Praise is necessary, for it shapes our life like nothing else. At times it is a sheer discipline: we must recognize and acknowledge the good even when our lesser self wishes to look away. Budding envy takes us to these lesser ways, as does weariness, self-absorption, the innate fallenness of the human soul pressing through relentlessly.

But we can -- we must -- win the day, the moment, the life by giving song where it is right. This is liturgy, really, the 3-times-a-week singing I grew up with at country churches. We sang to God and about God. We reminded ourselves and shaped our life with singing. "Love lifted me" lauded the "amazing grace" of a God whose work for the world allowed us to sing "redeemed, how I love to proclaim it."

These somewhat lesser liturgies gave way to majestic assertions. "A mighty fortress is our God" expressed a faith that faces and overcomes the greatest obstacle. And Wesley's grand pen admonished, "Arise, my soul, arise, shake off thy guilty fears!" There was cause to sing and singing confirmed it in our soul and life, every song another layer of love and truth, habit and life-change.

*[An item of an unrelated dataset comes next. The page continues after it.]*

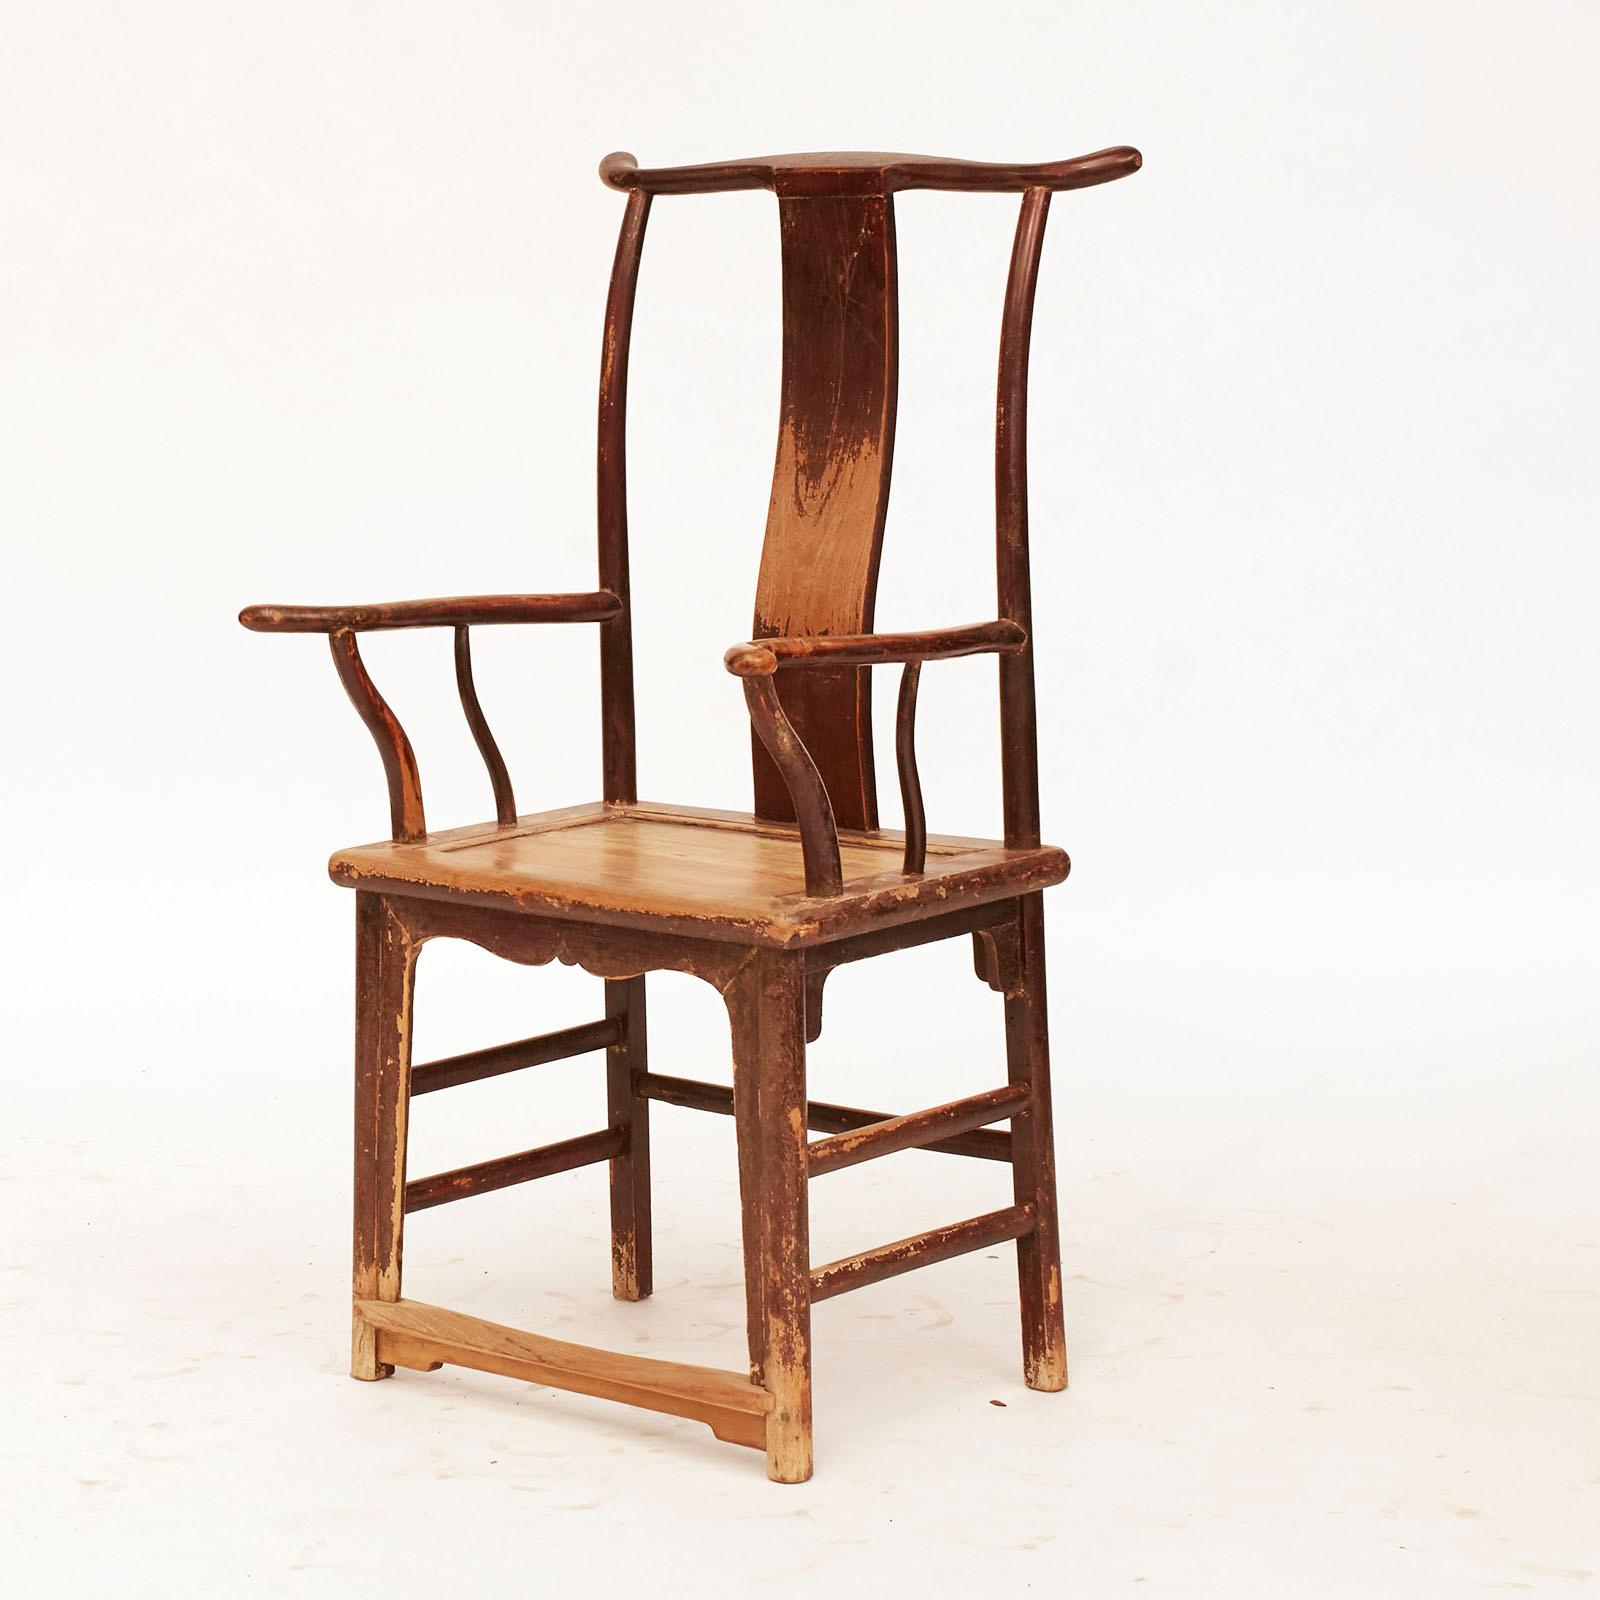 Une paire de fauteuils chinois Scholars, vers les années 1800, en bois d'orme avec laque d'origine de Bourgogne, dossier en forme de joug classique. Obtenez une usure chaude et une patine.

Singing can be an end in itself, and there are another thousand things to say, I suppose, in the journey of understanding. Singing must have cause, that which engenders. Otherwise it is noise and pestilence, nihilism distilled. One could even say the worthiness of the cause tells us whether singing is good or deadly, a croak of death singing praises that excite the sense while starving the soul and leading to the pit.

Psalms give us the cause: God. Worship is the only sane response to God and praise in song is the highest form of that worship. It tells us what matters when we think nothing does. It carries us forward in the bleakest of days. Often quiet, it is the necessary habit of the soul for all who dare to believe there is a God who is good, and who makes Himself known to us everywhere in the awe-some gift of life.

"Sing to the Lord a new song." In the weariness of the daily grind it sounds wrong, but it is me that is wrong. And so I hear the exhortation, give thanks for its life-giving truth, and sing, glad that no one can hear me except God. This is all the better because it is only for Him, a happy gratitude for all the joys that color all the days and trials. Truly, He is the reason we sing.